**WORK INSTRUCTION**
Copy out all of the lines below exactly; the pictures do not belong in the copy.

**SOURCE DATA**
------
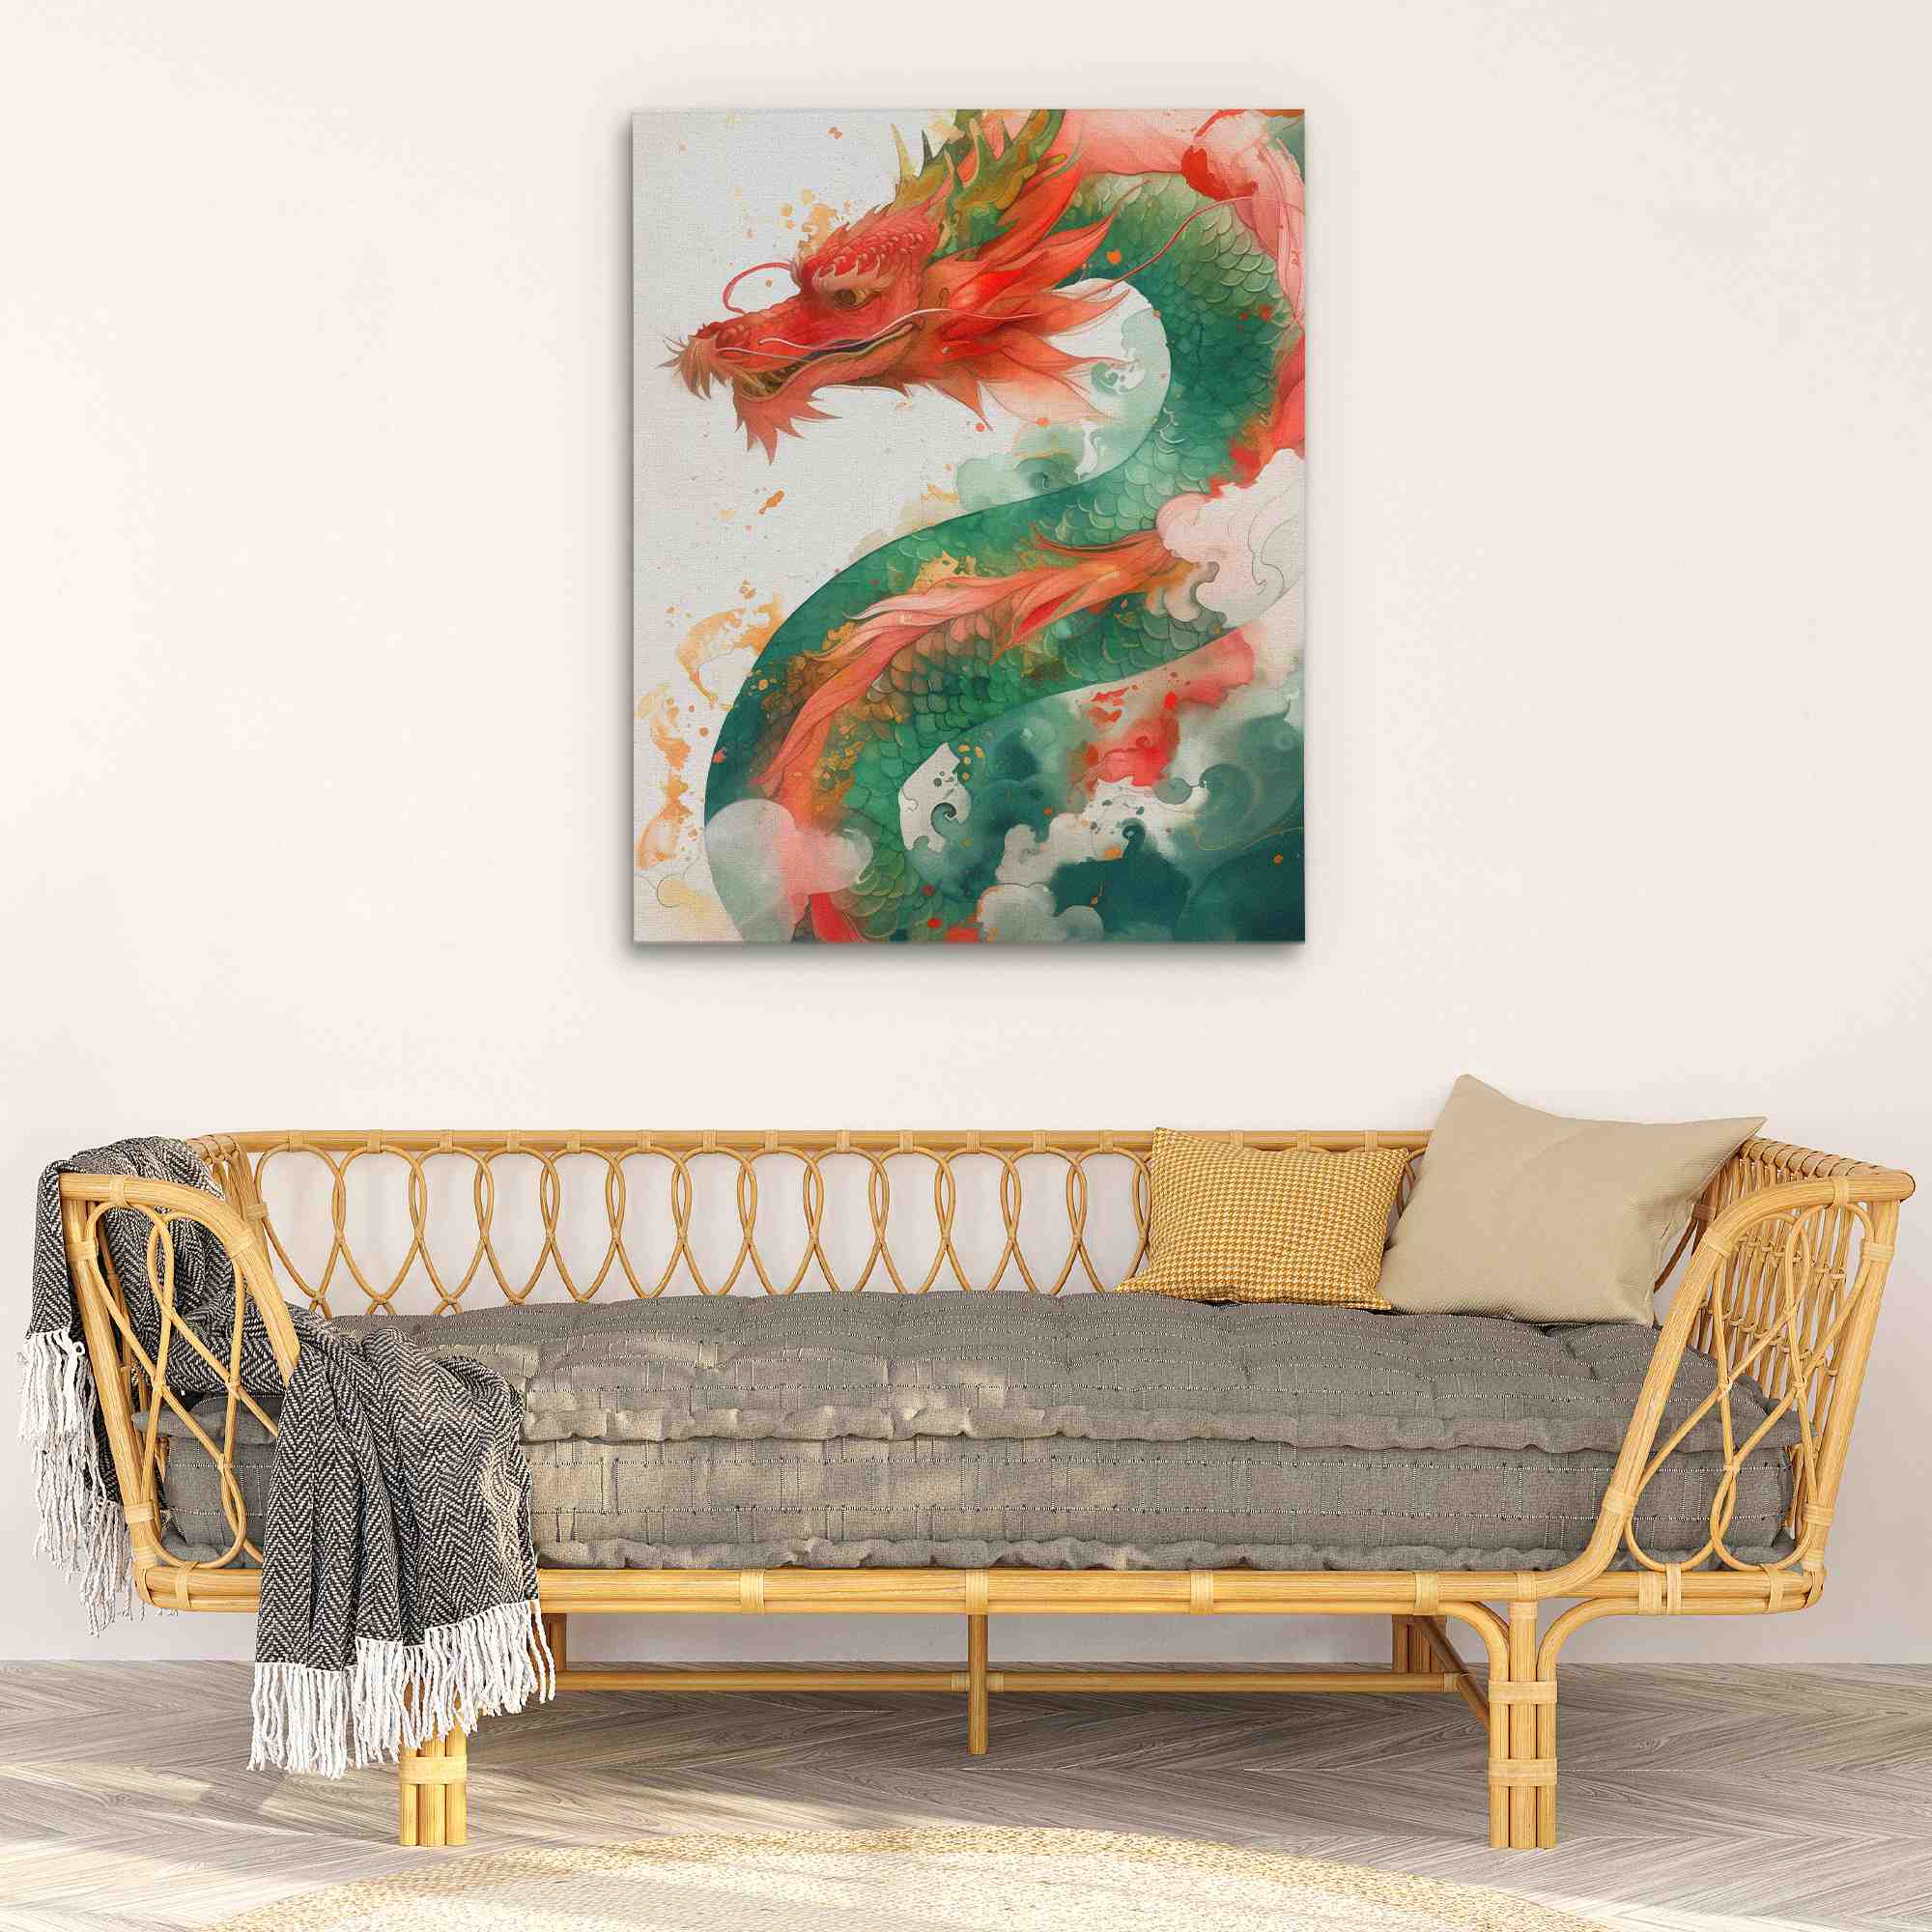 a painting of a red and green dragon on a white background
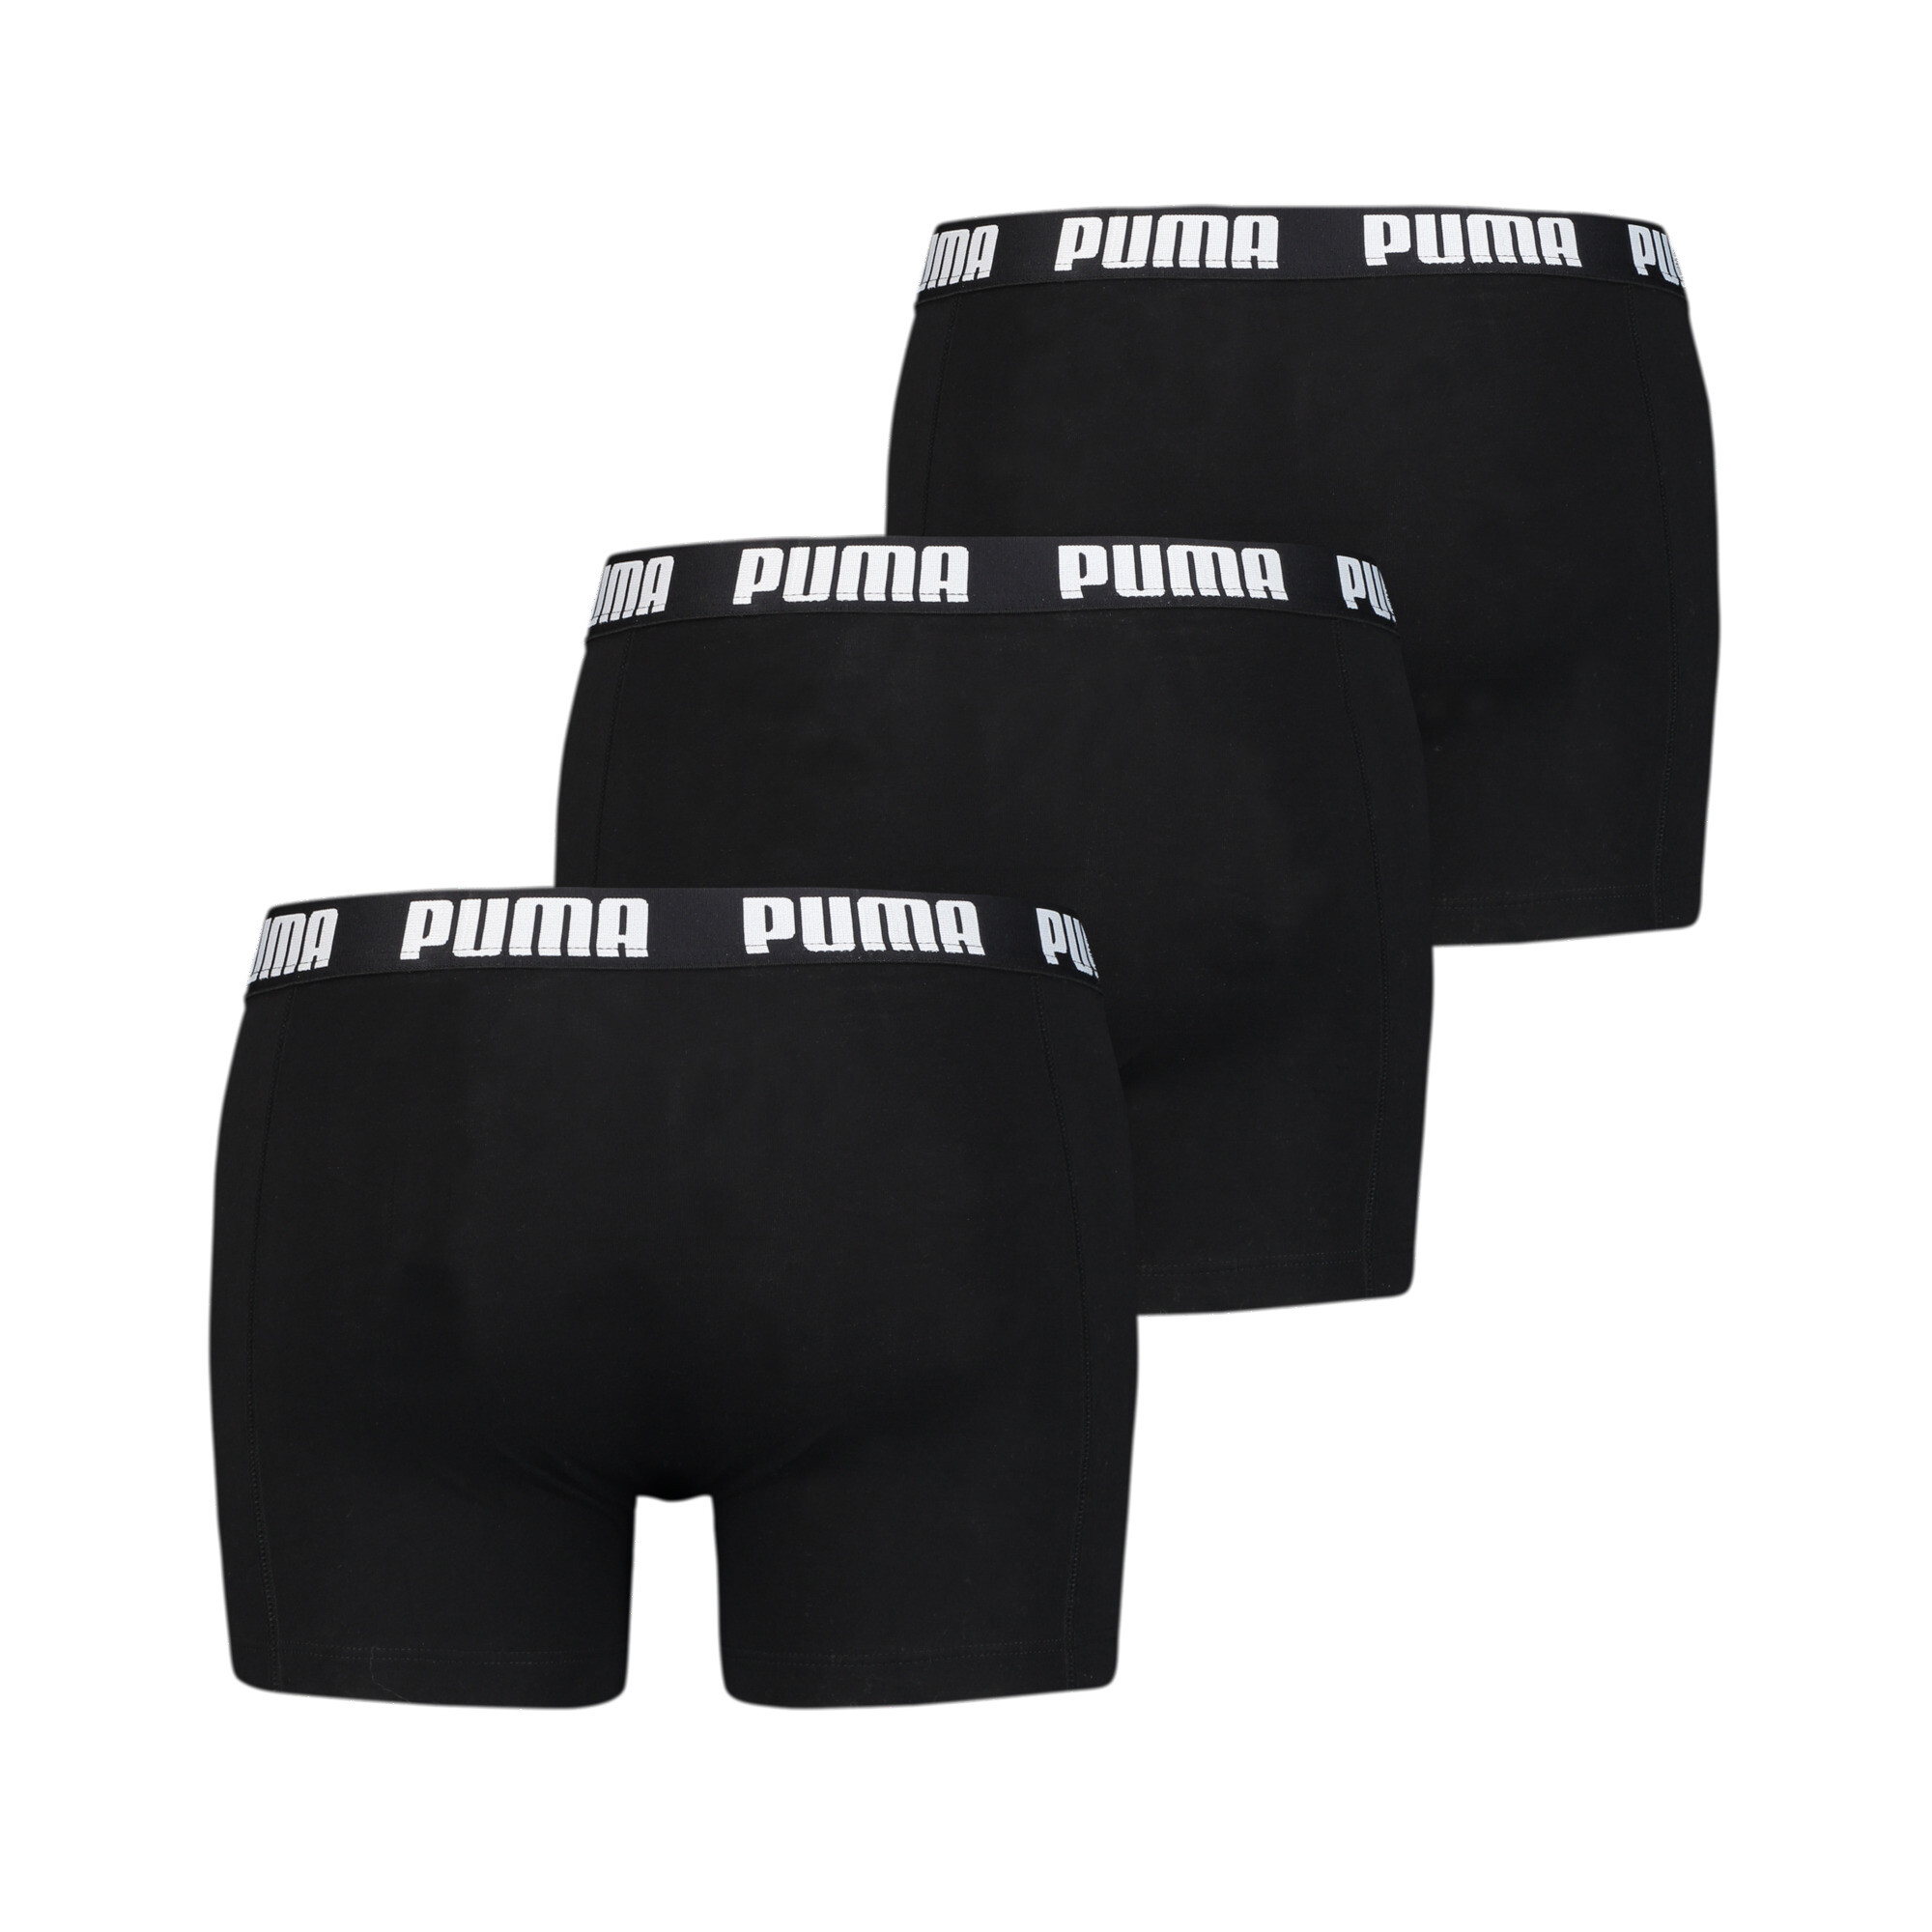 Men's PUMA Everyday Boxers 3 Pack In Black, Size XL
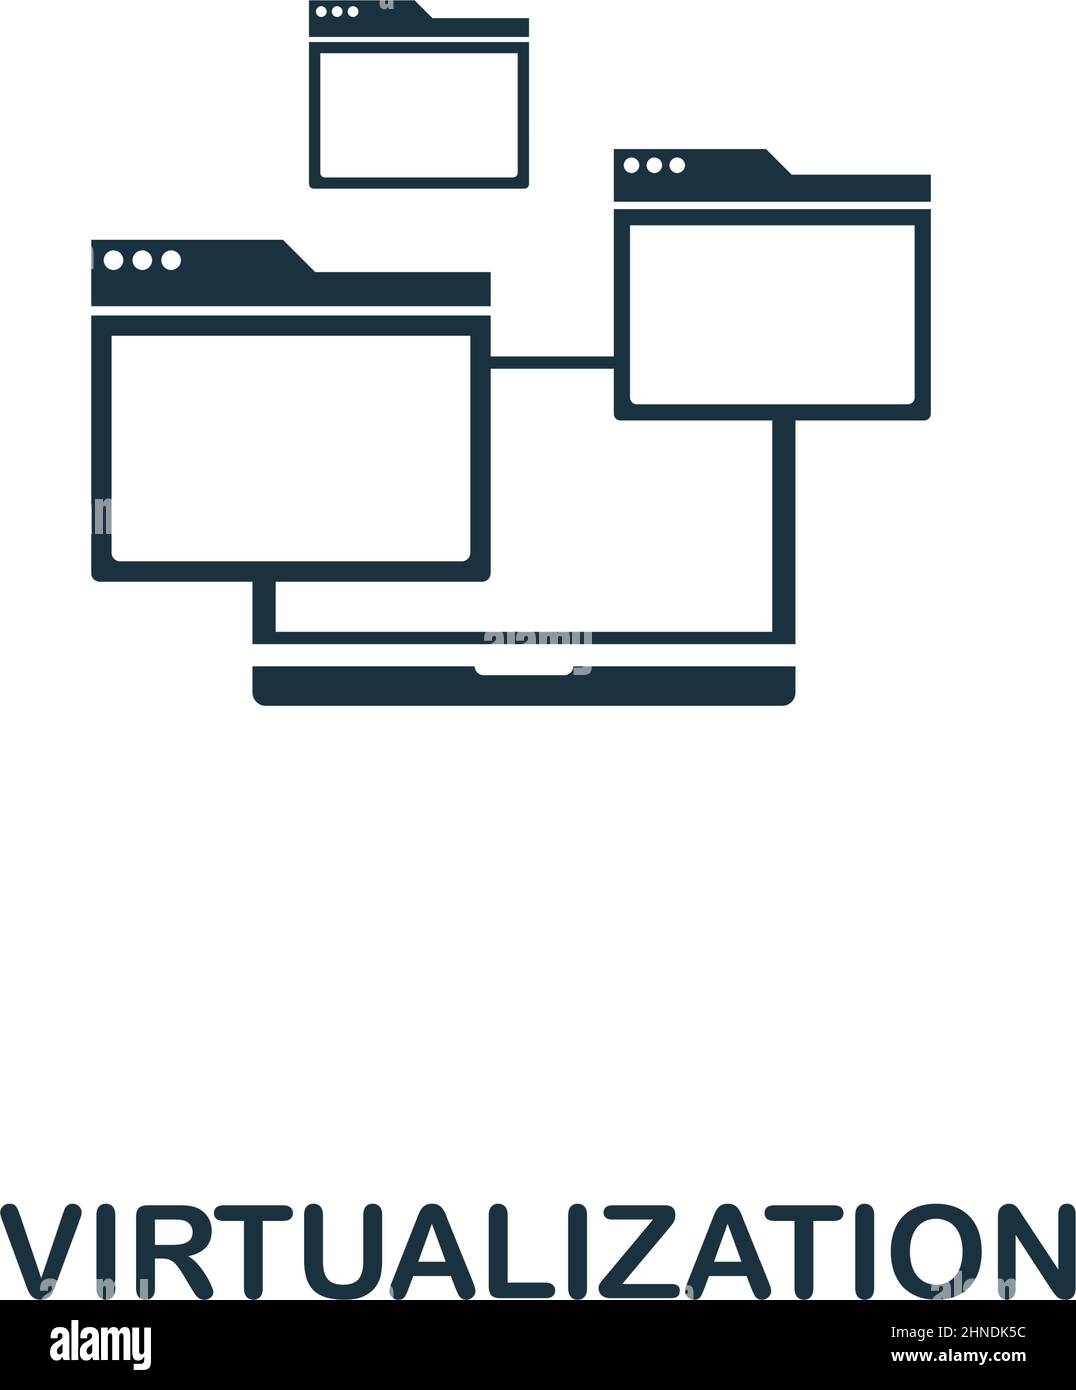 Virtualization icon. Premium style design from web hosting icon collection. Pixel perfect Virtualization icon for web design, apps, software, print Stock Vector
------
**REPLY TO THE TASK**
 a painting of a red and green dragon on a white background
 Men's PUMA Everyday Boxers 3 Pack In Black, Size XL
 Virtualization icon. Premium style design from web hosting icon collection. Pixel perfect Virtualization icon for web design, apps, software, print Stock Vector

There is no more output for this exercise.